↓↓↓

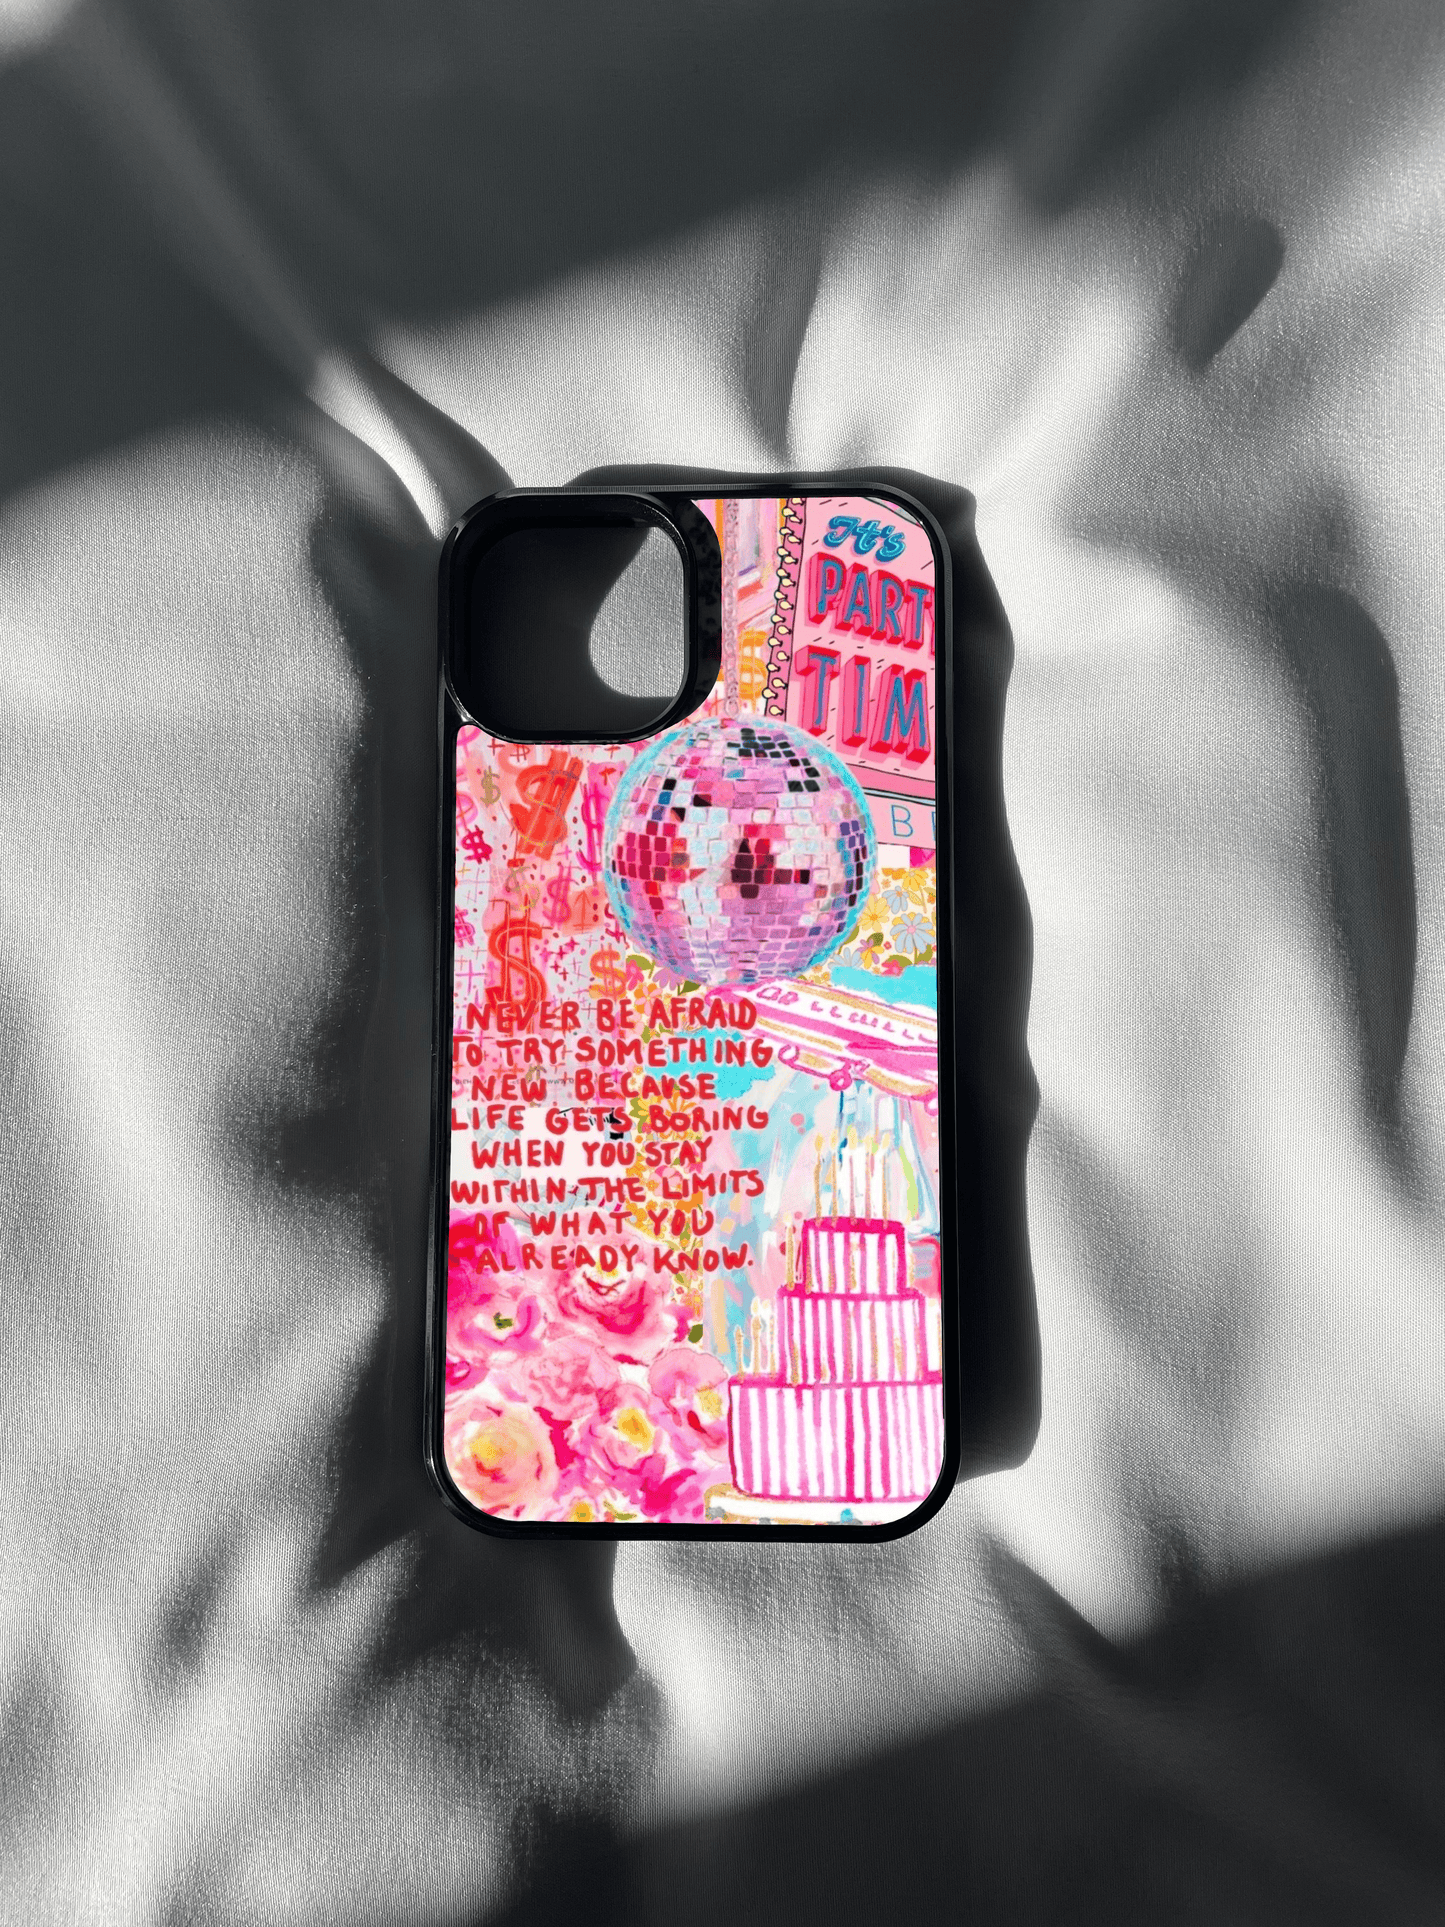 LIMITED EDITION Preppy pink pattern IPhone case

↑↑↑
↓↓↓

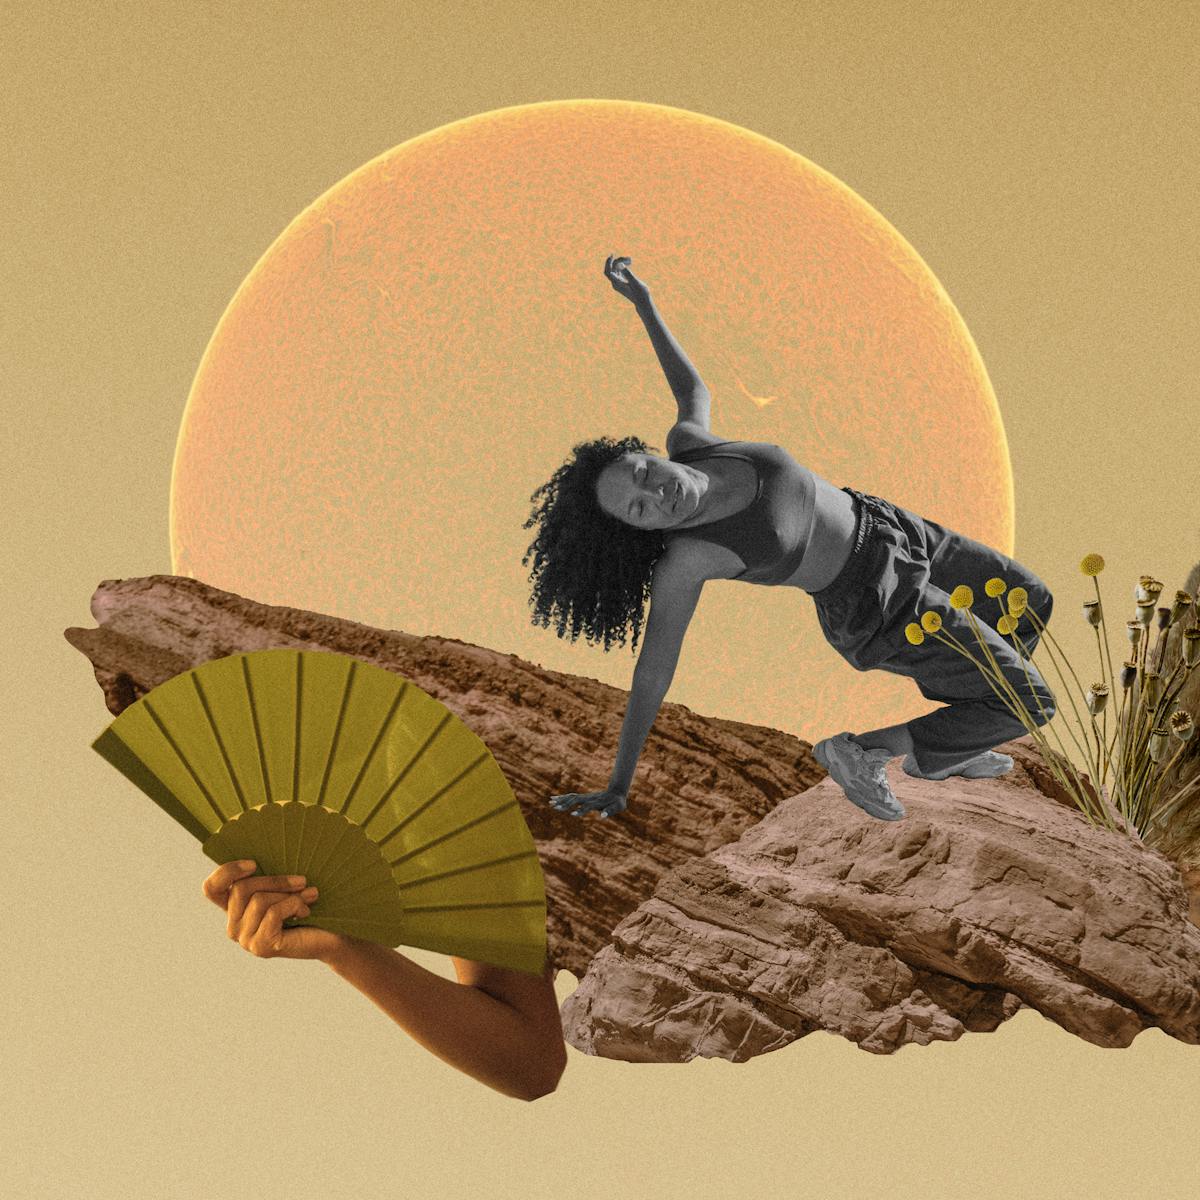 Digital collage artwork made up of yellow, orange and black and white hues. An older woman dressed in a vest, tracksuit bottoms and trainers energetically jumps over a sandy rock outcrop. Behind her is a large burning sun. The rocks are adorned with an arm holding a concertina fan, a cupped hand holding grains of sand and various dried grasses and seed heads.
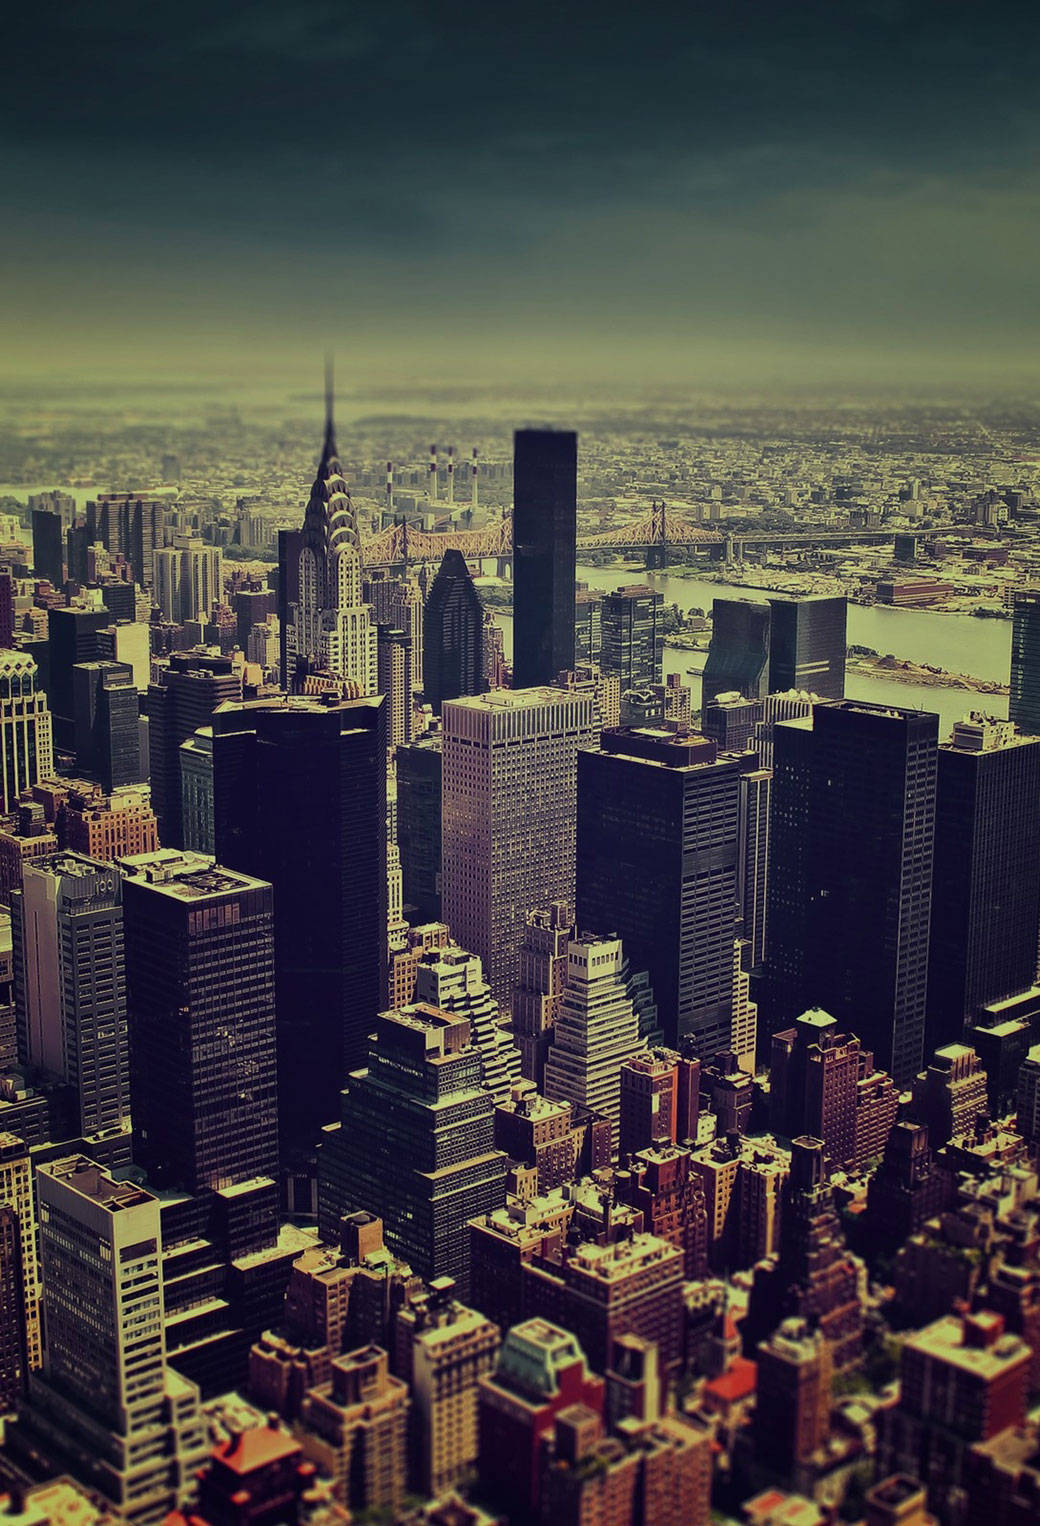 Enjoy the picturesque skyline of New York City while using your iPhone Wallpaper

↑↑↑

> INSTRUCTIONS FOR THE TASK: What you write must match the listing exactly, from the line with "Digital collage artwork" up to and including the line with "Enjoy the picturesque". Pictures stay out.

> ANSWER SPACE:
 Digital collage artwork made up of yellow, orange and black and white hues. An older woman dressed in a vest, tracksuit bottoms and trainers energetically jumps over a sandy rock outcrop. Behind her is a large burning sun. The rocks are adorned with an arm holding a concertina fan, a cupped hand holding grains of sand and various dried grasses and seed heads.
 Enjoy the picturesque skyline of New York City while using your iPhone Wallpaper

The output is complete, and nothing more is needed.